Commutative Laws in Algebra

Taken and adapted from:

- Tom M. Apostol, Calculus, Volume 1 (New York: Blaisdell, 1961), pp. 13-19.
- Susanna S. Epp, Discrete mathematics: with applications, fifth edition, metric version (Australia, 2020), Appendix A.

Many fundamental operations in mathematics involve combining two elements from a set to produce another element of the same set; such rules are known as binary operations. For instance, addition and multiplication are binary operations on the real numbers, because adding or multiplying any two real numbers always yields another real number. Formally, if $ * $ is a binary operation on $S$, then $* : S \times S \to S$, meaning for any $a, b \in S$, the result $a * b$ is also in $S$. This property is called closure under the operation.

An important property that some binary operations possess is commutativity, which means that the order of the operands does not affect the result. For example, for all real numbers $a$ and $b$, both addition and multiplication satisfy $a + b = b + a$ and $ab = ba$ (see also the examples below).

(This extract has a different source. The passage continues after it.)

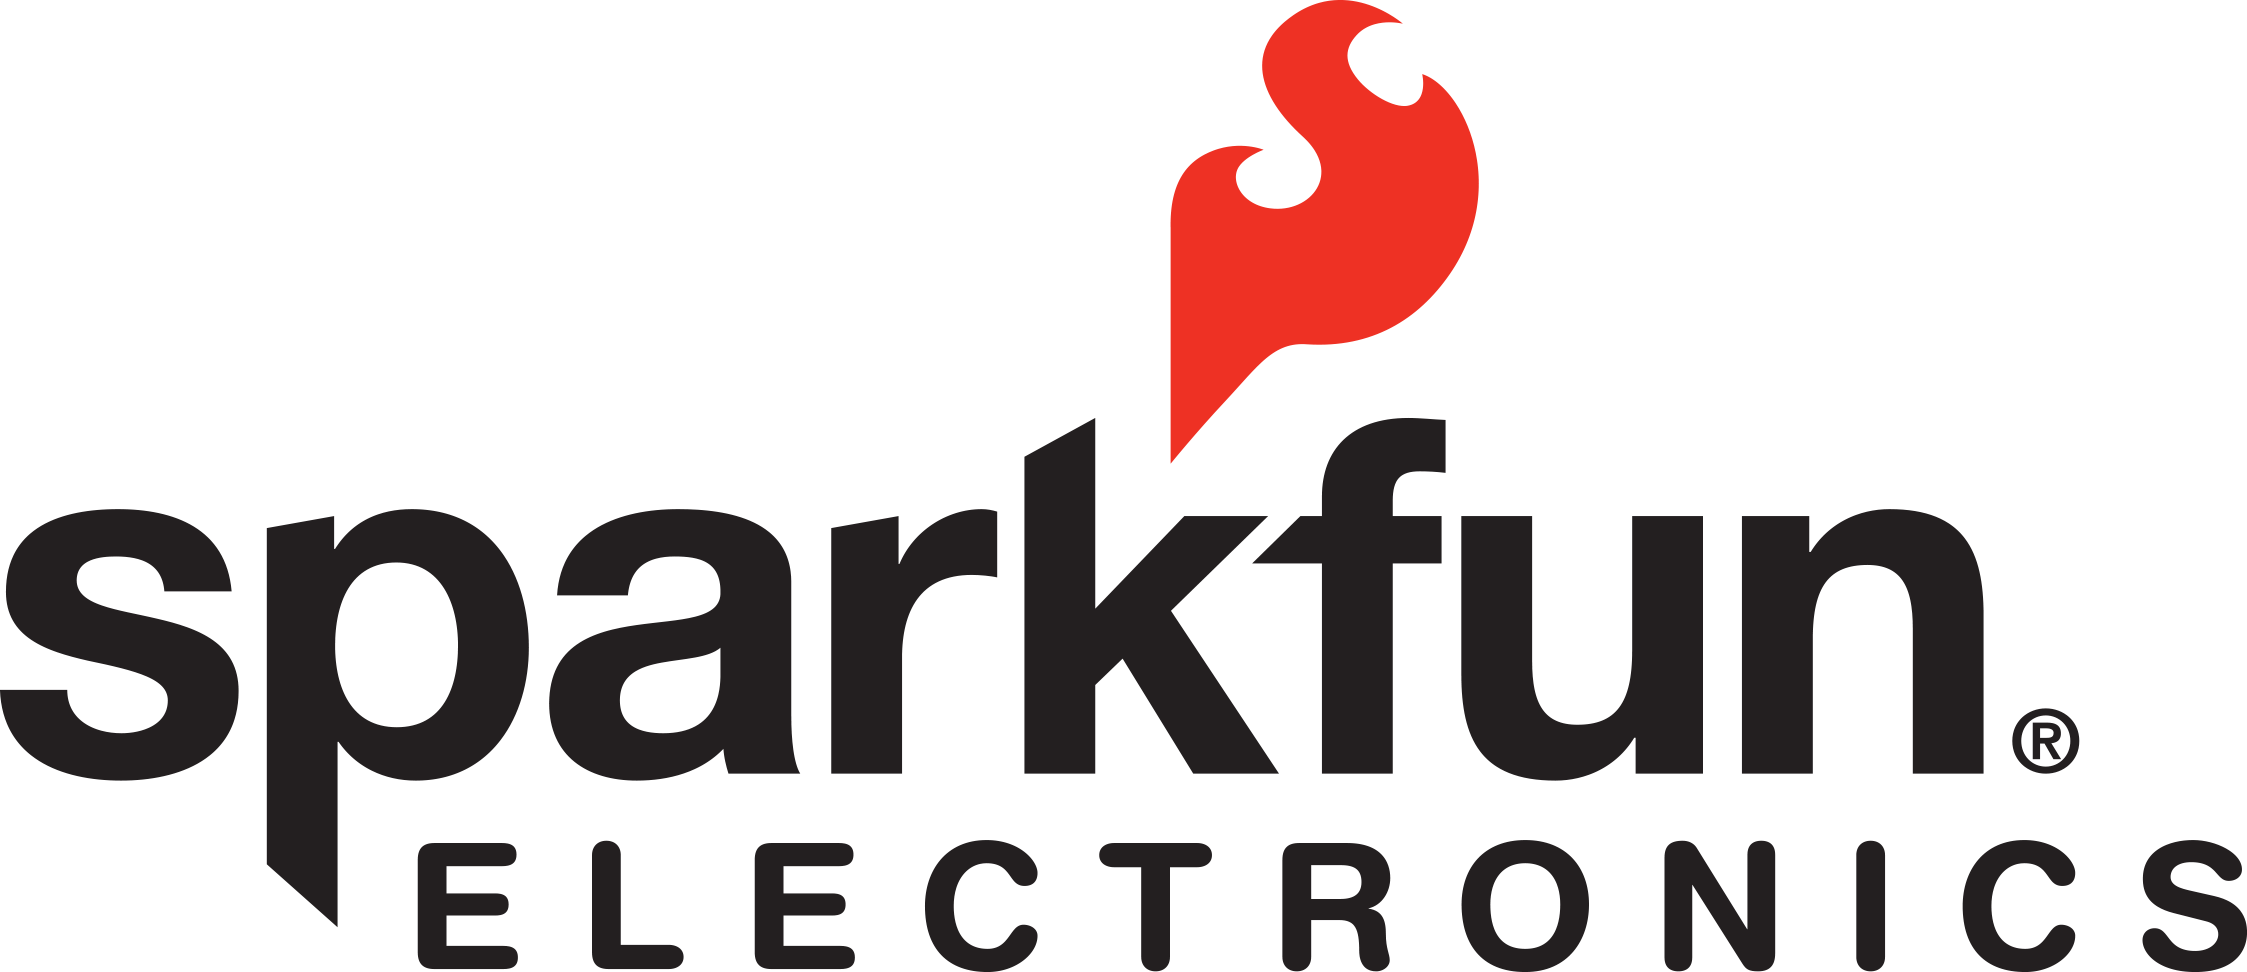 SparkFun Electronics LOGO
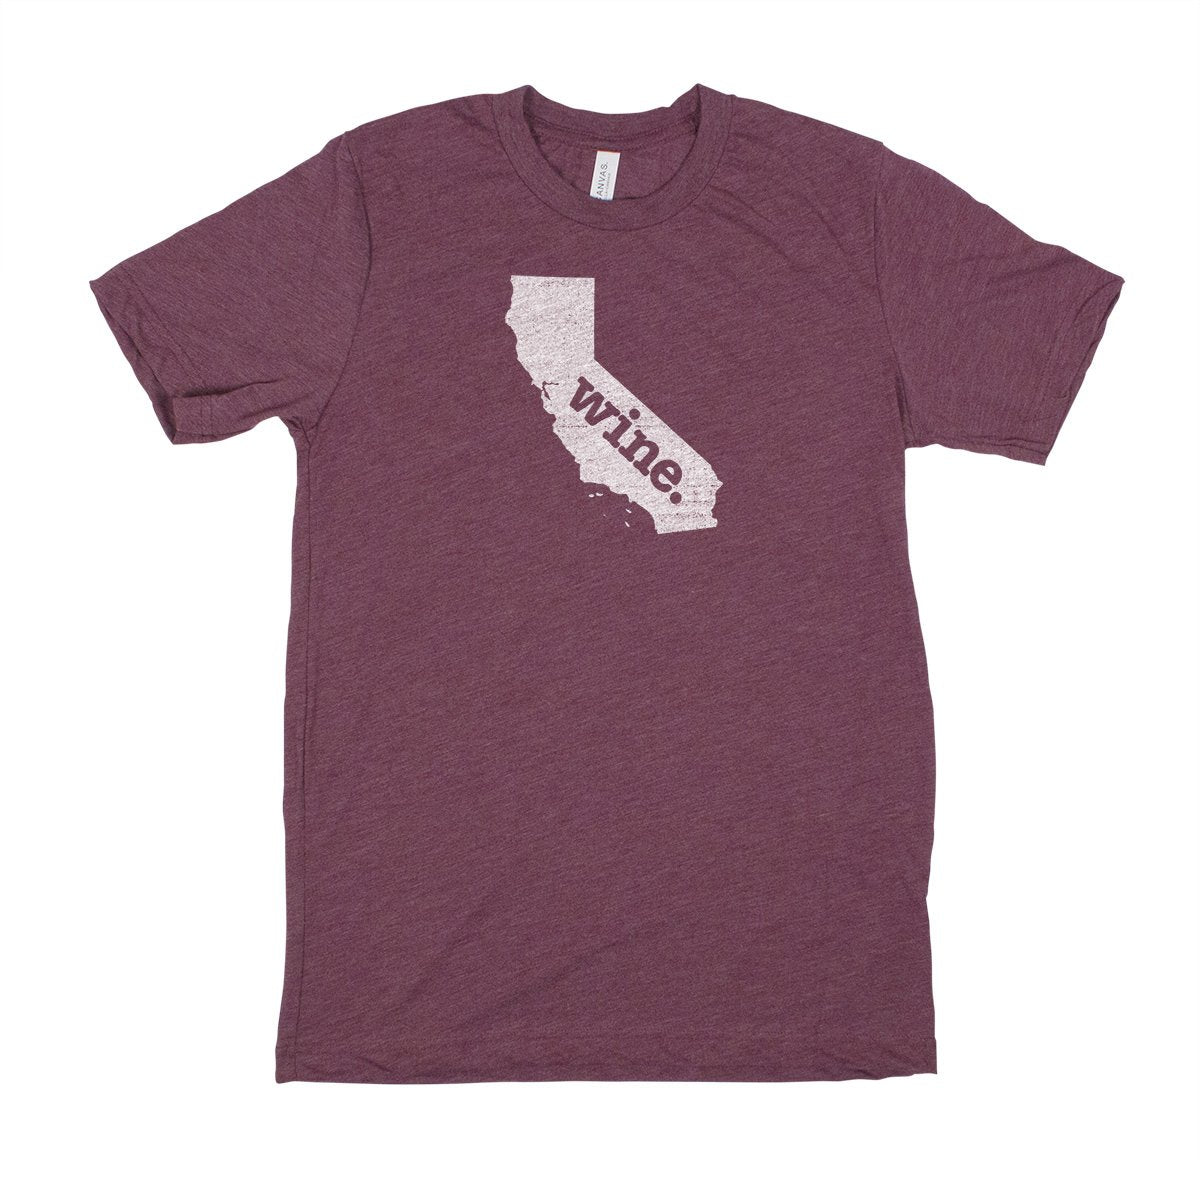 beer. Men's Unisex T-Shirt - South Carolina

Commutative Laws in Algebraic Structures

For all numbers $a$ and $b$ $(\forall \; a, b \in \mathbb{C})$,

\[a + b = b + a\] \[ab = ba.\]

The commutative laws are valid within the following sets of numbers:

Natural Numbers: $\mathbb{N},$
Integers: $\mathbb{Z}$,
Rational Numbers: $\mathbb{Q}$,
Real Numbers: $\mathbb{R}$,
Complex Numbers: $\mathbb{C}.$

Examples

Natural Numbers ($\mathbb{N}$)

Addition
$3 + 5 = 5 + 3 = 8$

Multiplication
$3 \cdot 5 = 5 \cdot 3 = 15$

Integers ($\mathbb{Z}$)

Addition
$(−3)+7=7+(−3)=4$

Multiplication
$(−2)×5=5×(−2)=−10$

Rational Numbers ($\mathbb{Q}$)

Addition
$\frac{1}{2}+\frac{3}{4} = \frac{3}{4}+\frac{1}{2} = \frac{5}{4}$

Multiplication
$\frac{2}{3} \cdot \frac{3}{5} = \frac{3}{5} \cdot \frac{2}{3} = \frac{2}{5}$

Real Numbers ($\mathbb{R}$)

Addition
$2.5 + 3.1 = 3.1 + 2.5 = 5.6$

Multiplication
$1.2 \cdot 4.5 = 4.5 \cdot 1.2 = 5.4$

Complex Numbers ($\mathbb{C}$)

Addition
$(2 + 3i) + (1 - 4i) = (1 - 4i) + (2 + 3i) = 3 - i$

Multiplication
$(2 + 3i)(1 - 4i) = (1-4i)(2 + 3i) = 14 - 5i$

Meaning of the used symbols

Symbol	Meaning
$ \forall $	for all (universal quantifier)
$ \in $	is an element of